Methods Of Calculating Depreciation For Assets Bought Or Sold During An Accounting Period

Basically, there are three (3) methods of doing computing depreciation for assets bought or sold during an accounting period:

 1.    Full year’s Depreciation Is Charged In The Year Of Purchase ignoring the date during the year that the assets were purchased. No depreciation is charged in the year that the assets were disposed irrespective of how months they were in use. Example: A machine was bought on 1 st April 2005 for \$20,000 and has a depreciation rate of 20% per annum on cost. Using this method: Depreciation charged for the full year for financial year 31 st December 2005 of \$4,000. If the asset is disposed of on 30 th June 2006, Using this method: NO depreciation is charge for year ended 31 st December 2006 (year of disposal) even though the asset has been used for 6 months in that year.

 2.    No depreciation Is Charged In The Year of Purchase But a FULL year’s depreciation in the year of disposal. Taking item 1 as the same example, then using this method 2, a FULL year’s depreciation of \$4,000 is to be charged in the year of disposal (namely 31 st December 2006)

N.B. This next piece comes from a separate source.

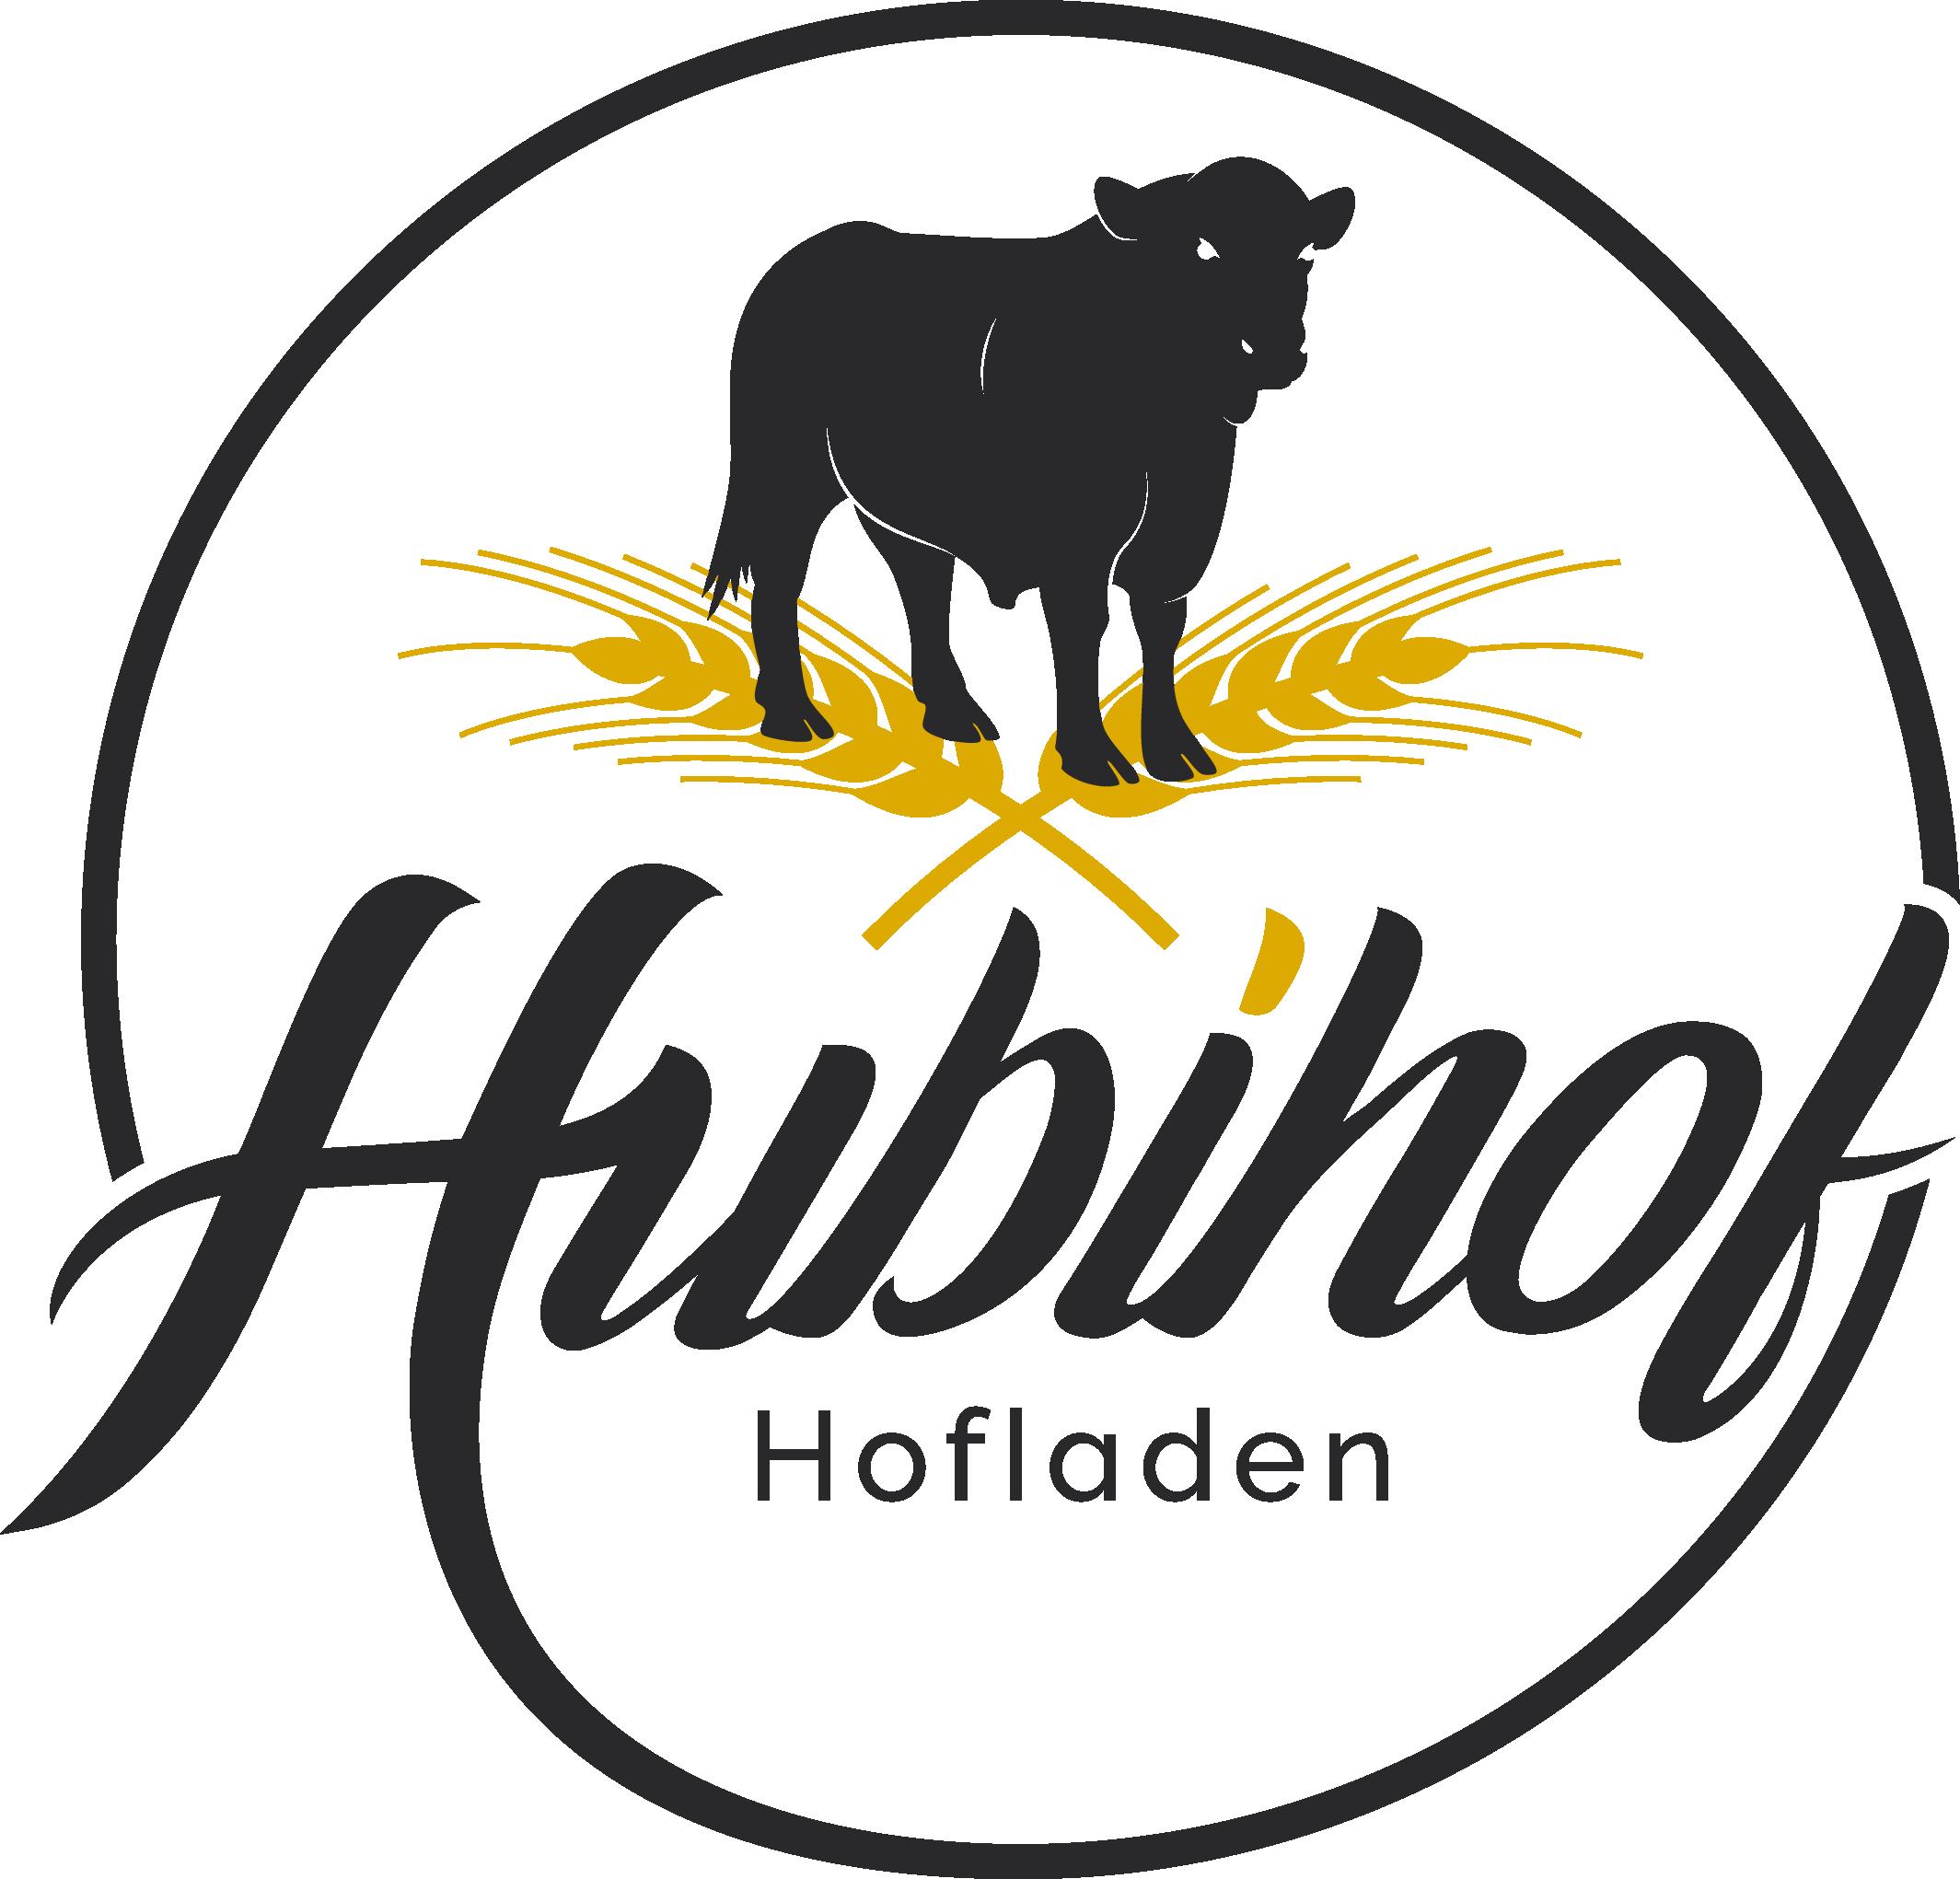 Hofladen-black_300dpipng

 3.  Provision for depreciation is on TIME BASIS. Example : A machine was bought on 1 st April 2005 for \$20,000 and has a depreciation rate of 20% per annum on cost. Using this method: Depreciation charged for for financial year 31 st December 2005 of \$4,000 x 9/12 =\$3,000 For financial year ending 31 st December 2006, the depreciation charge is \$4,000 x 6/12 = \$2,000

 Salient Point: For examination, purposes, where the dates on which the assets are purchased or sold are shown, the examiners would normally expect the TIME BASIS method. If no such dates are given, Method No.1 should be used unless stated otherwise.